As Tommy’s Upholstery in Victoria, Canada, enters its 70th year in business, it’s owners can’t help but reflect on how far they’ve come and what it took to get here.
“I still love this business, and I love that my family are in it,” Doug Thompson told the Times Colonist.
At 74 years old, he still comes to work every day to repair car interiors — and wouldn’t have it any other way.
Tommy, his father, founded the business 1949, after learning the craft from a man who repaired the upholstery in horse-drawn carriages. Doug bought out his father in 1976. And in 2015, sold it to his daughter Wendy, and her husband, Chris Mandorla.
Running the business wasn’t always easy, said Doug. And he predicts it will only get tougher.
“It’s bittersweet,” he said. “It is wonderful to keep it going, but I also know the pitfalls coming down the pike.”

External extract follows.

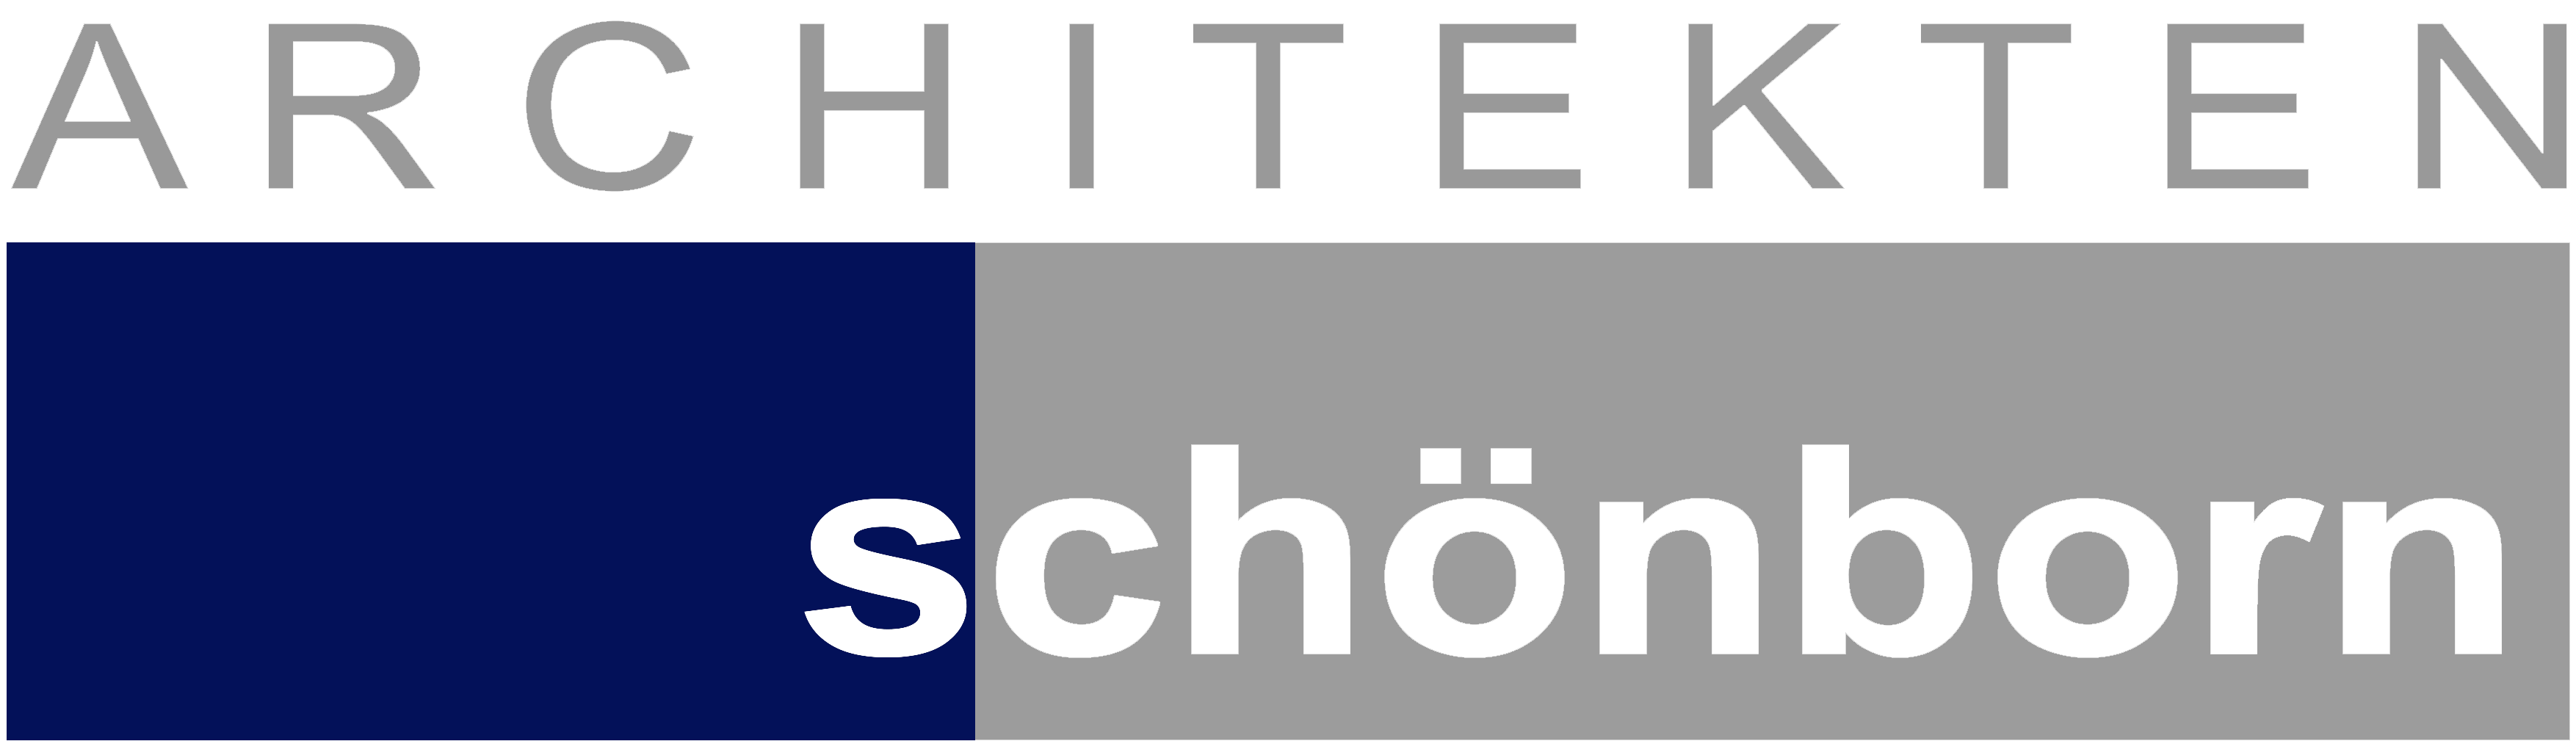 Architekten Schönborn

Among those pitfalls: OEM interiors are getting better and lasting longer, he said. It’s also difficult to find skilled craftsmen.

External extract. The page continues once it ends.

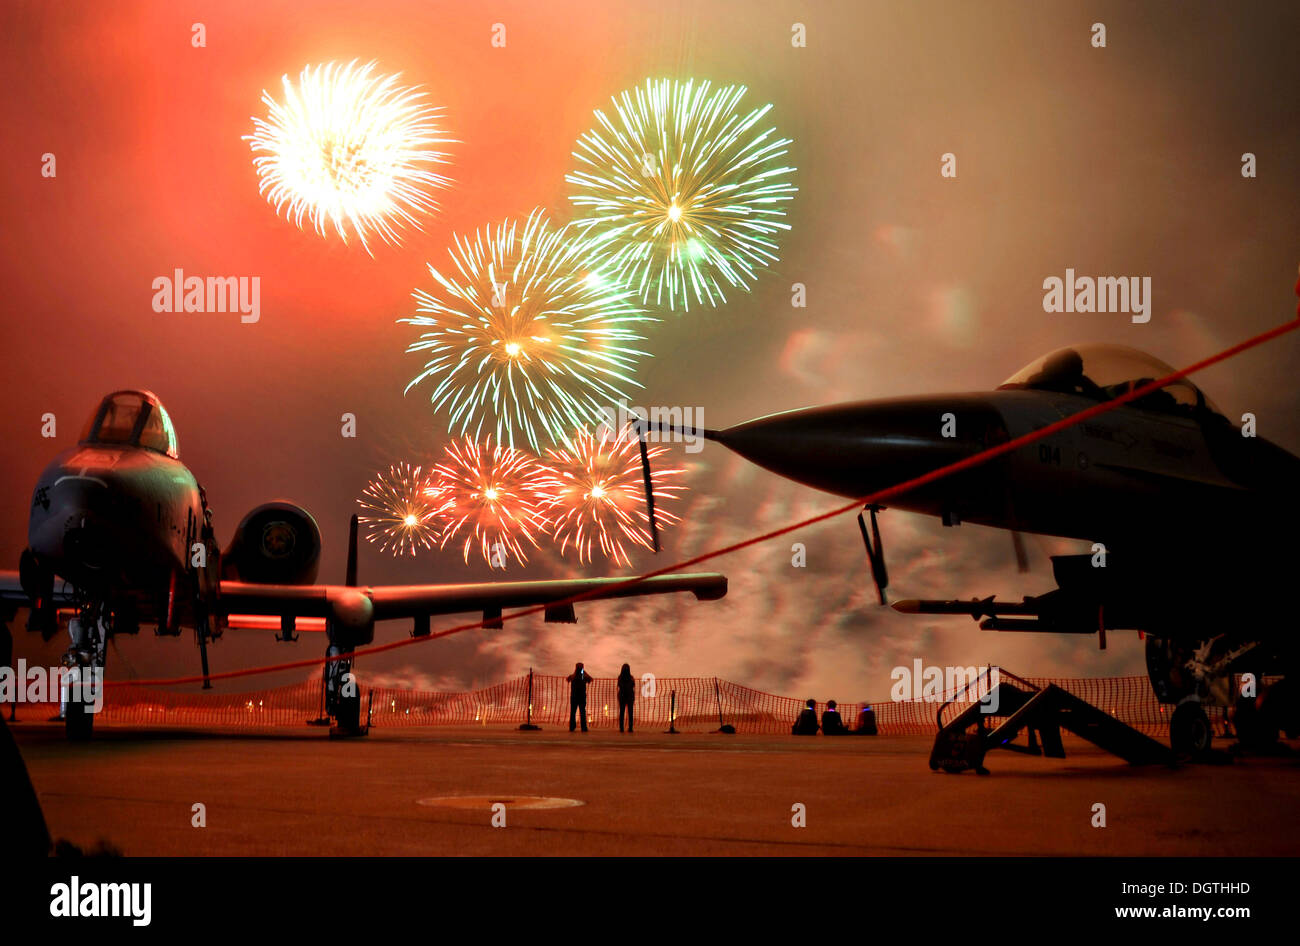 Feux d'artifice explosent dans le ciel derrière un U.S. Air Force A-10 Thunderbolt II et un F-16 Fighting Falcon aéronefs pendant le Festival de la liberté de célébrer le Jour de l'indépendance de l'Amérique le 4 juillet 2013, à la base aérienne Osan, en Corée du Sud. Banque D'Images

Still, Doug doesn’t fear the family business will die anytime soon.
“I guess I figured people will always have to sit on something and they want to be comfortable,” he said. “And people are more demanding with their comfort now. A lot of people used to just put up with a car seat they didn’t like. Now they want it fixed.”
Their secret to success
That’s not all. Doug says there’s a secret to the shop’s longevity and success: It’s their ability to constantly evolve.
When Tommy’s Upholstery was founded in the 1940’s, all they did was sew and install seat covers. Over the years, they added a long list of services to their roster, including headliners, door panels, carpets and convertible tops.
And whenever automakers come out with something new, the team quickly learns how to repair it and begins offering that service too.
“The business continues to evolve. We are very versatile,” said Doug. “We do a lot of different kinds of stuff.”
Early on, they recognized that automobiles are constantly changing. So, to stay in business, they would have to change as well.
“We are so nimble that when a new project comes along we can try it,” Doug added.
So long as they keep evolving, the family business shouldn’t have any problems going into a fourth generation. In fact, Doug’s grandchildren Ben, 16, and Adam, 11, are already learning the craft.